[Opening Supplied data section]

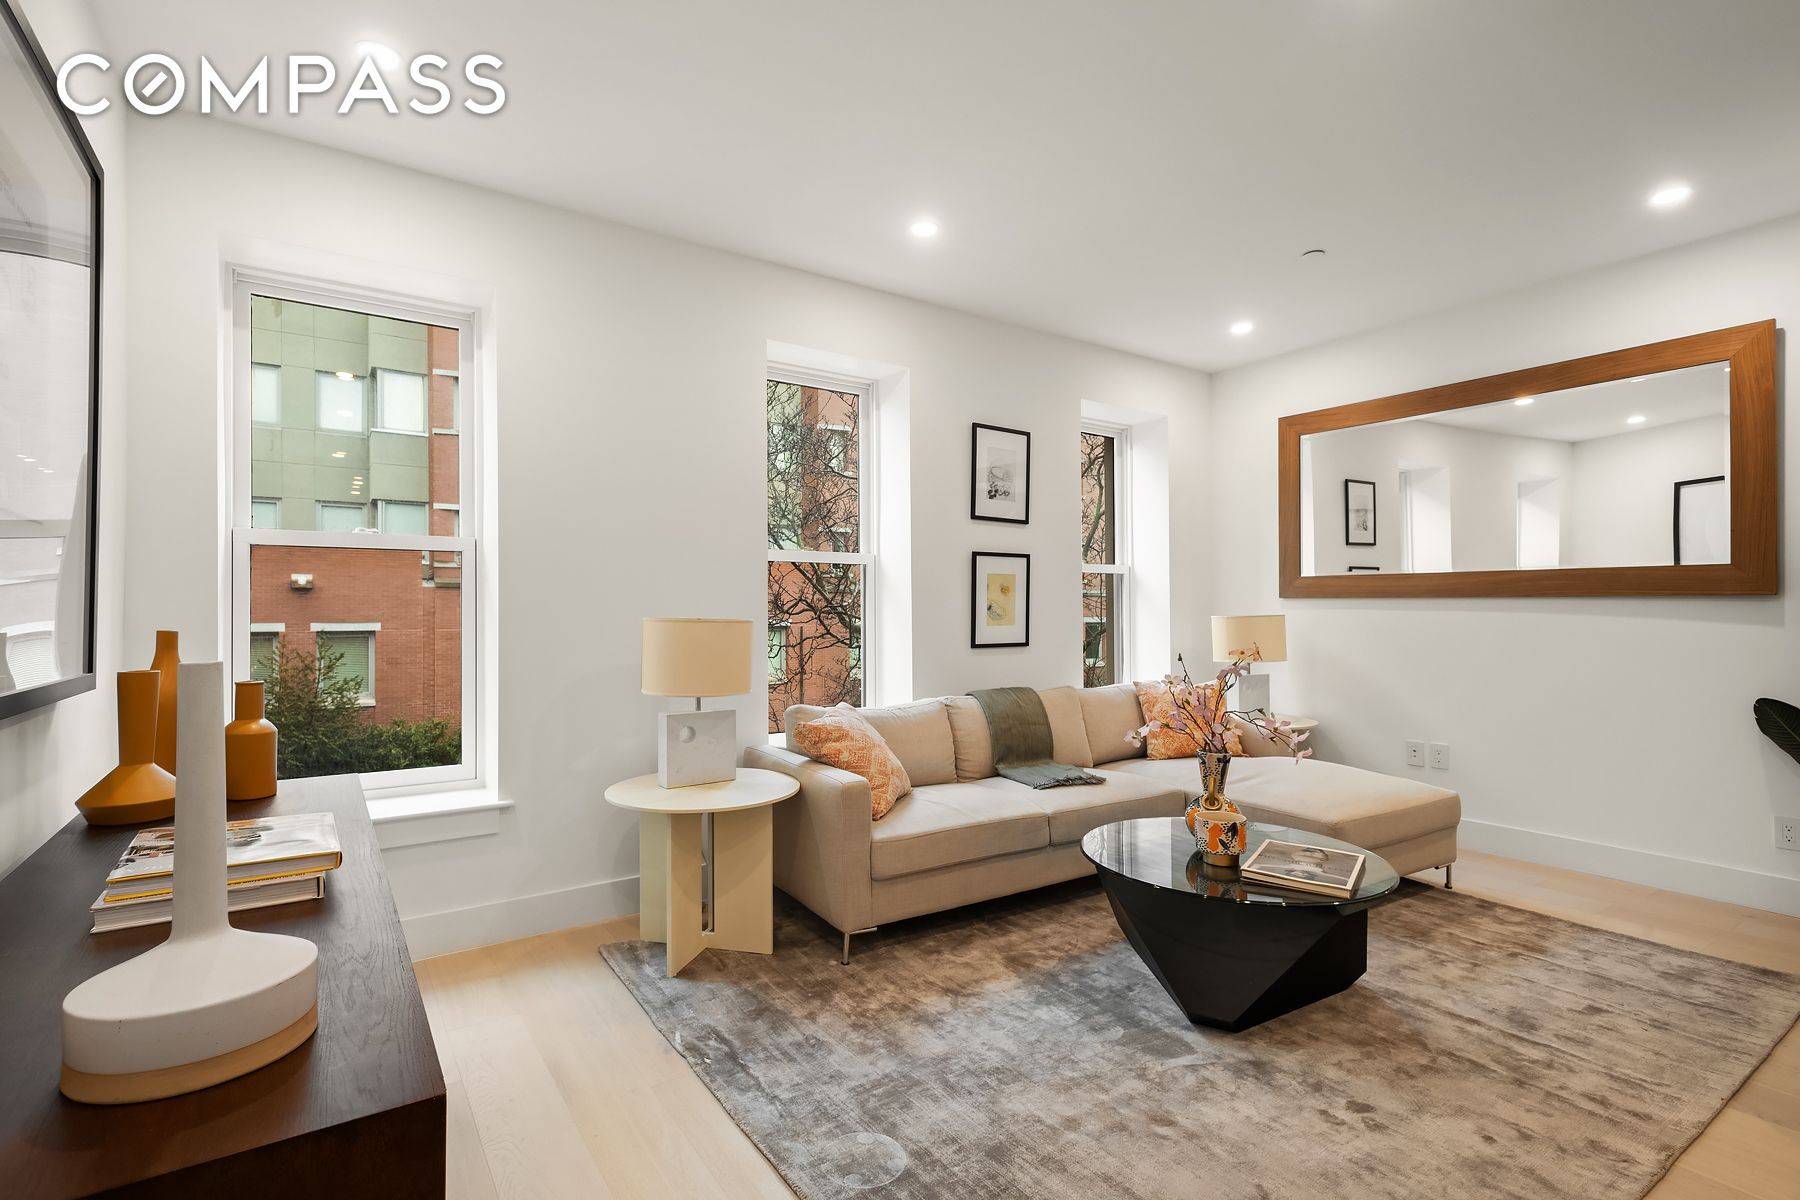 Introducing 494 7 Street, a brand new three unit boutique condominium conversion situated perfectly in Park Slope.
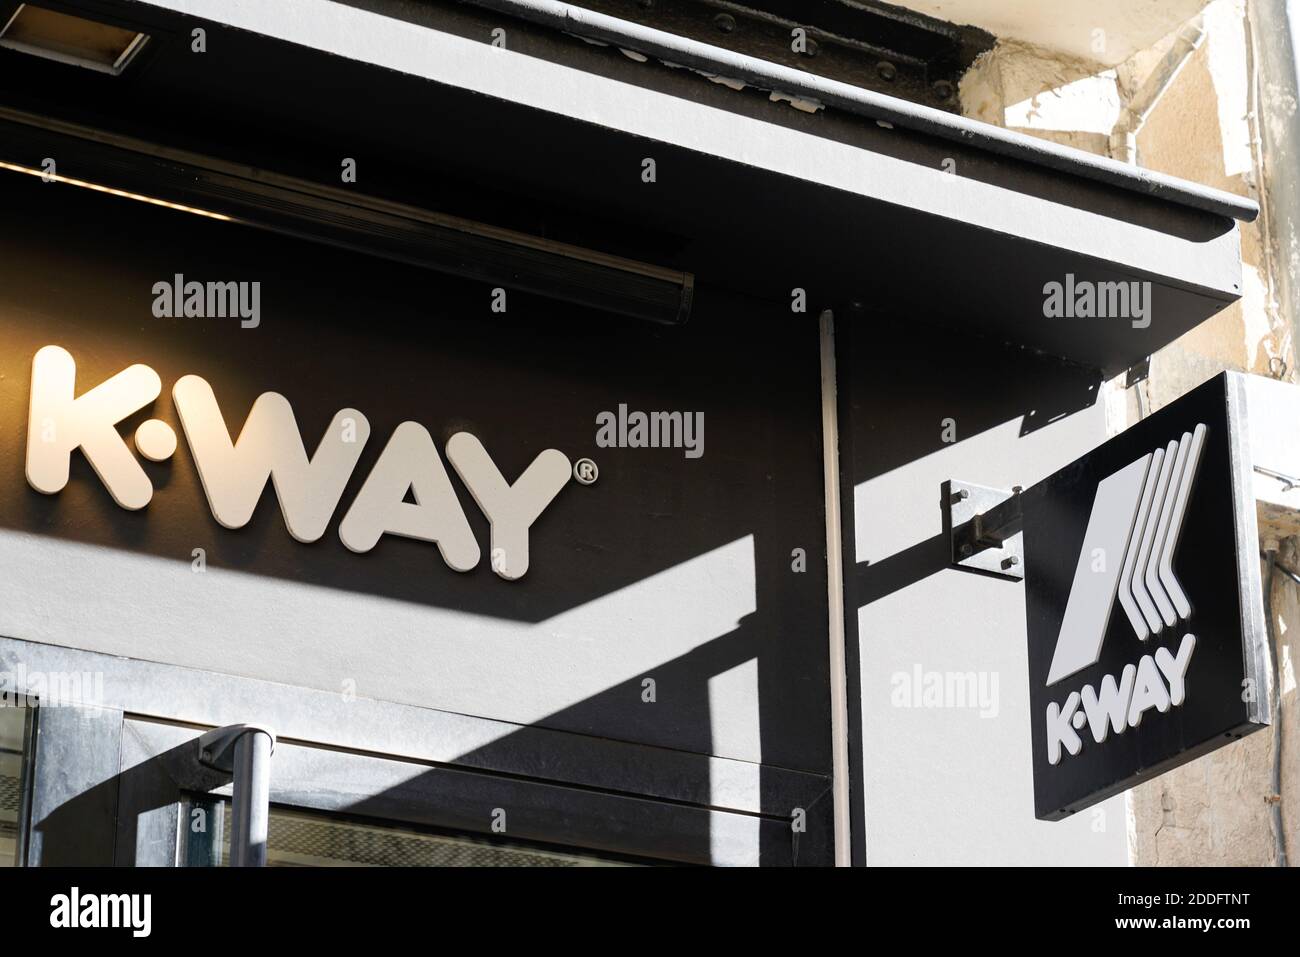 Bordeaux , Aquitaine / France - 11 08 2020 : k-way logo and text sign front of french store clothing outlet raincoat and clothes rainproof shop Stock Photo
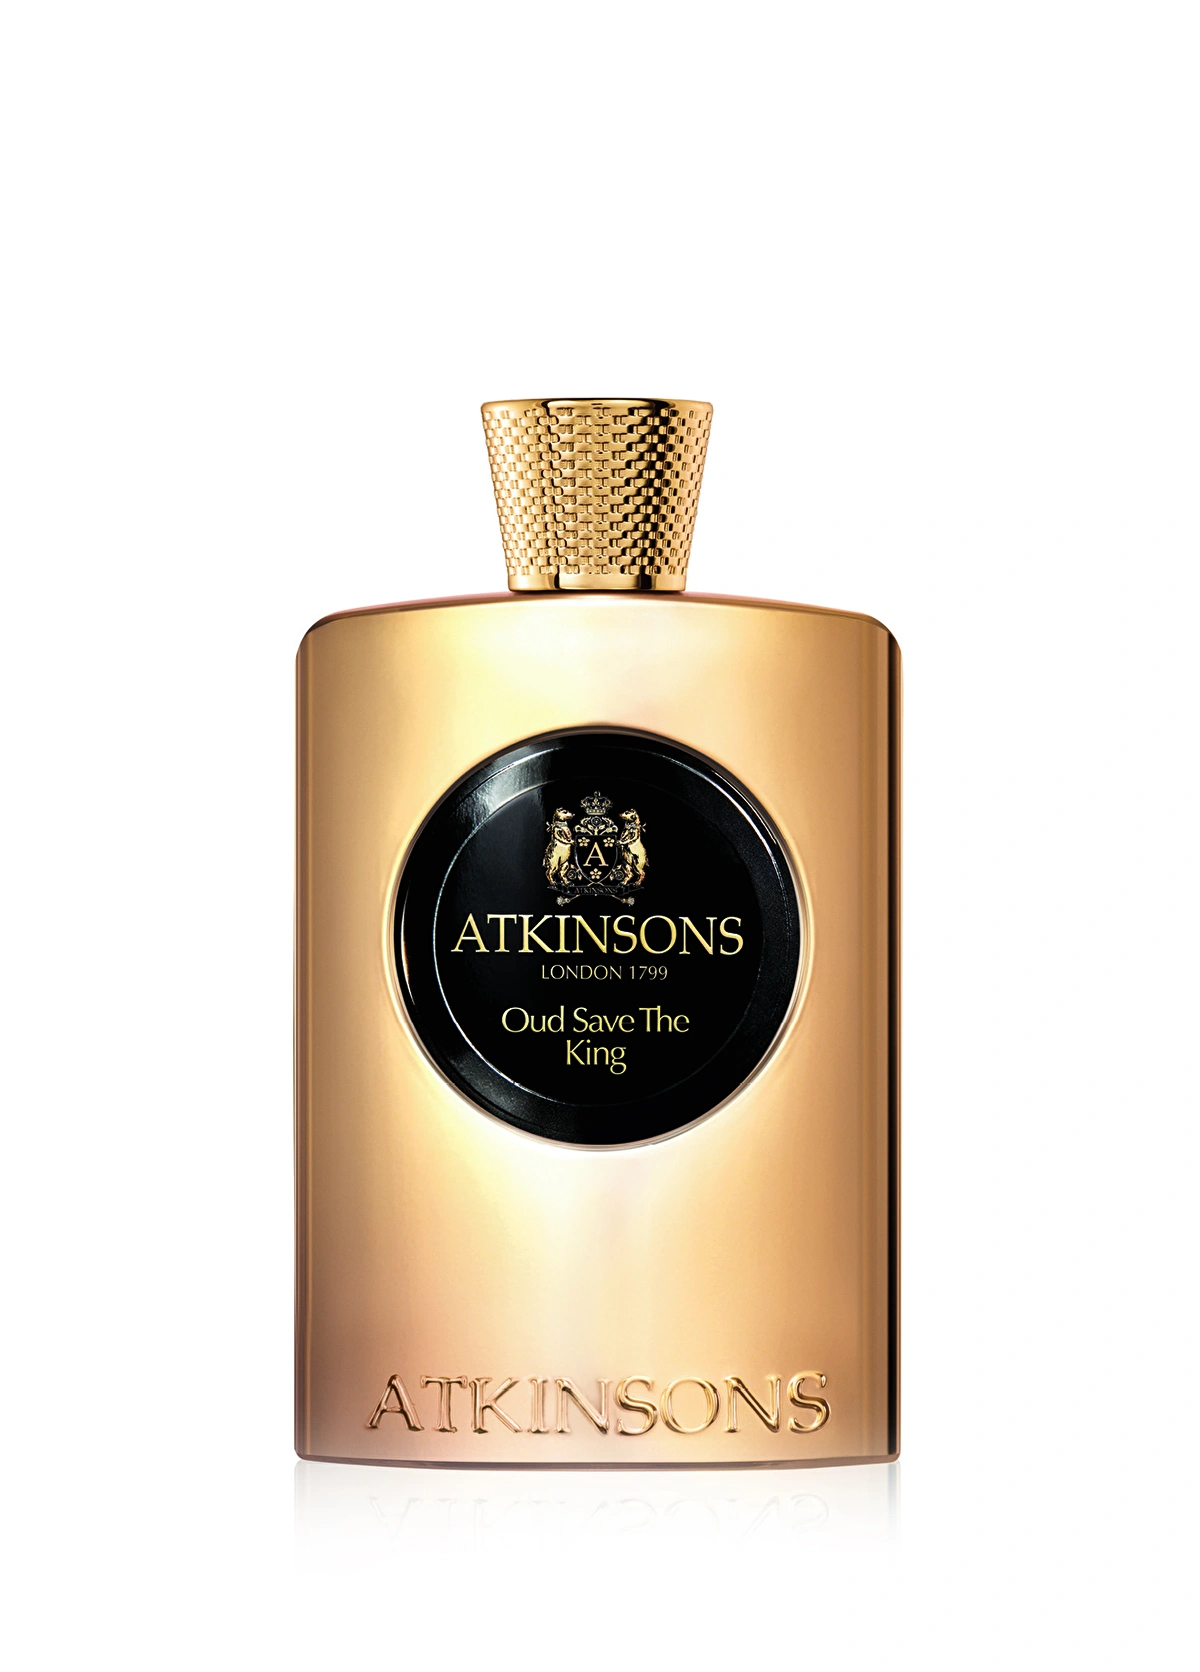 Atkinsons Oud Save The King Edp 100 ml - 2

[Closing Supplied data section]

— Your objective —
Give the data above again, exactly and completely. No pictures go in.

— Response to the exercise —
 Introducing 494 7 Street, a brand new three unit boutique condominium conversion situated perfectly in Park Slope.
 Bordeaux , Aquitaine / France - 11 08 2020 : k-way logo and text sign front of french store clothing outlet raincoat and clothes rainproof shop Stock Photo
 Atkinsons Oud Save The King Edp 100 ml - 2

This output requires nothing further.